Sometimes the standard is a riddle where you must find the correct interpretation (most plausible, most useful, most likely to be was intended); in case the committee members are asked to clarify an issue, they will settle on the most X interpretation (X = plausible, useful...) even if it contradicts the exact previous wording so when the text is obscure or gives crazy conclusions, you might as well skip the literal reading and jump to the most useful.
The only solution here is that every use of a templated library component is independent and that the equations only have to hold during that use.
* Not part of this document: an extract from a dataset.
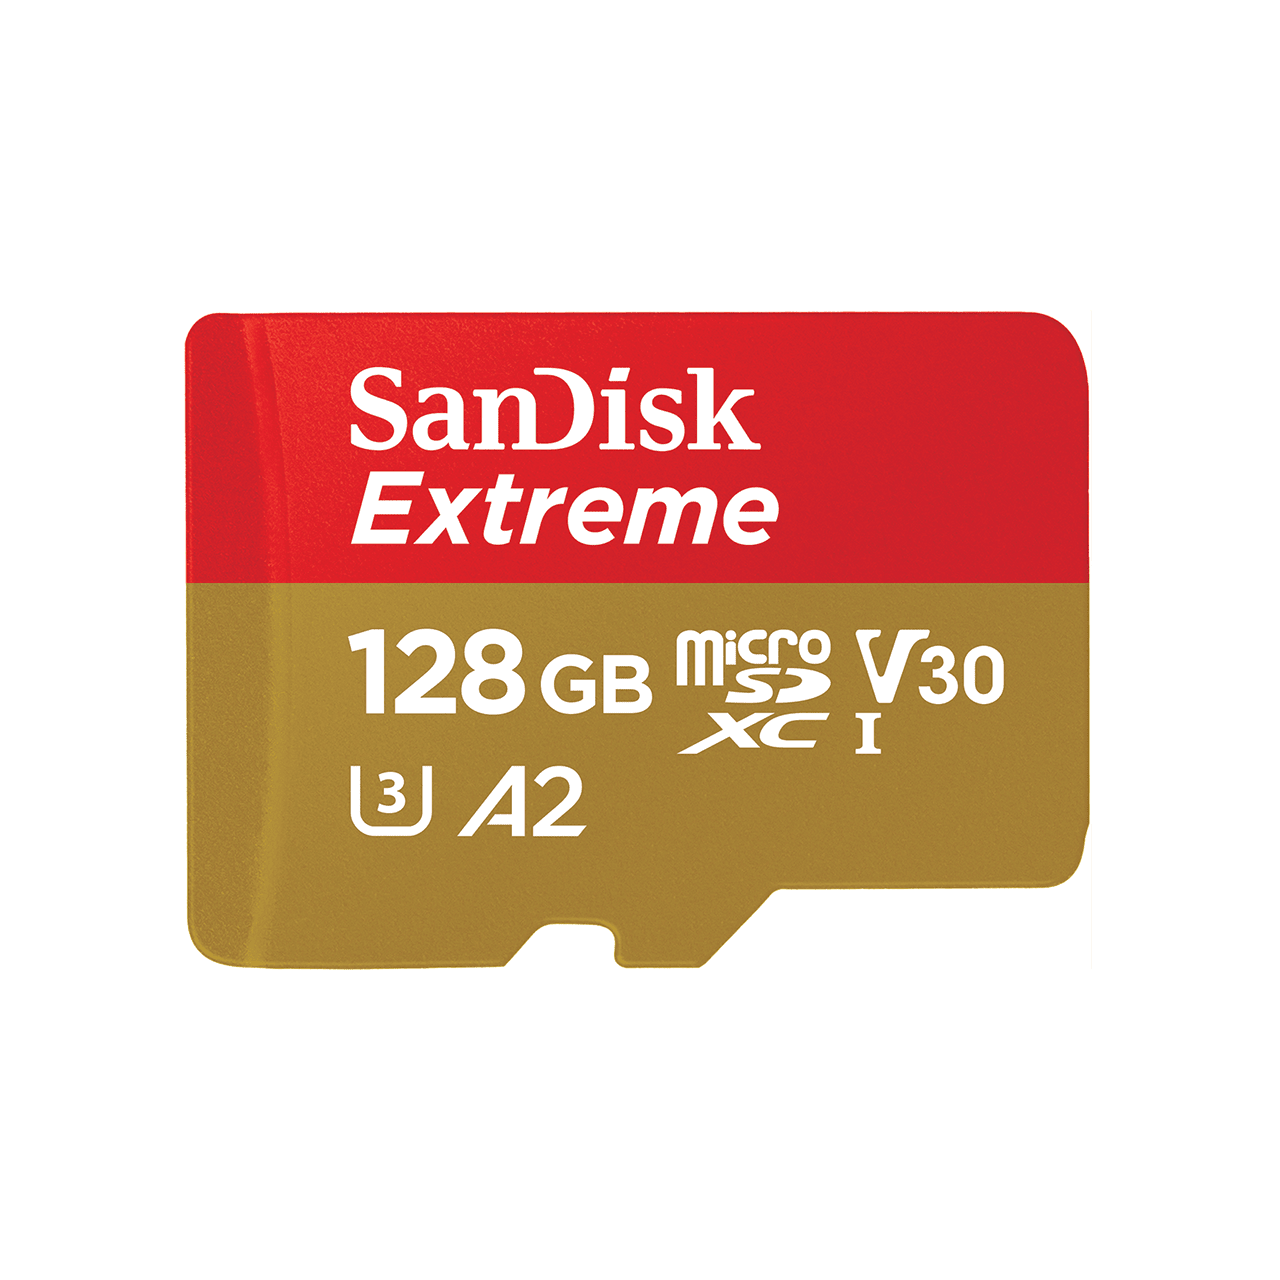 SanDisk Extreme microSD UHS-I Card - 128GB - Image3

You don't expect vector<int*>
to be invalid because pointers can have invalid values that can't be copied: only a use of such value is illegal.
Thus
vector<int*> v;
v.push_back(new int);
vector<int*> v2 = v; // content must be valid
delete v[0];
v[0] = null; // during v[0] invocation (int*)(v[0]) has no valid value
is valid because the required properties of the element type are valid for the small duration where they are required to be.
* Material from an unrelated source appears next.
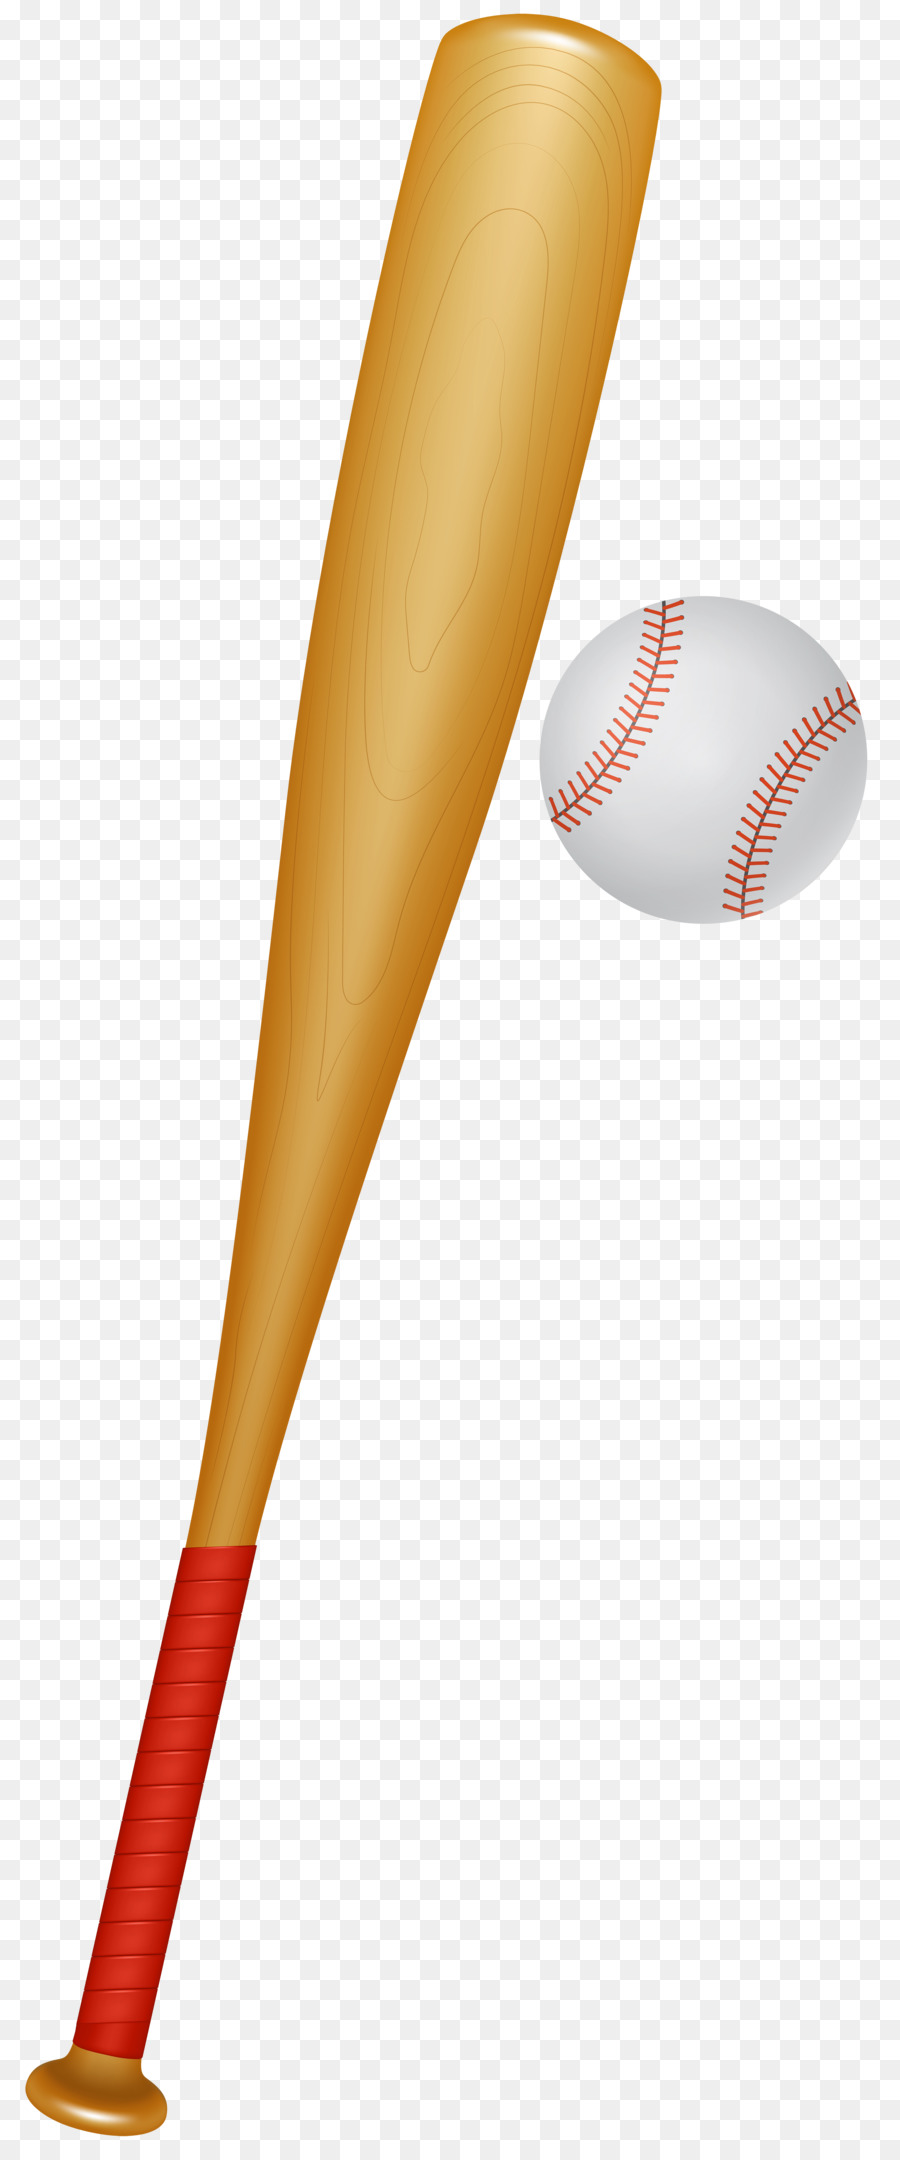 Baseball Bats Clip art Portable Network Graphics Ball game - baseball png download - 3360*8000 - Free Transparent Baseball Bats png Download.

In that case we can invoke a member function of a vector knowing that its elements don't respect the Assignable concept because there is no assignment allowed, as the no exception guarantee doesn't permit it: the value stored in v[0]
cannot be used by v[0]
, there is no user defined operation on the element allowed in vector<>::operator[]
.
The library components can only use the specific operations mentioned in the description of the specific function on the values used in that invocation; even for a builtin type, it cannot make values in any other ways: a specific set<int,comp>
instance may not compare values to 0 if 0 isn't inserted or looked up in a particular instance, as 0 may not even be in the domain of comp
.
So builtin or class types are treated uniformly here. The library implementation cannot assume anything on the set of values even when instantiated with builtin types.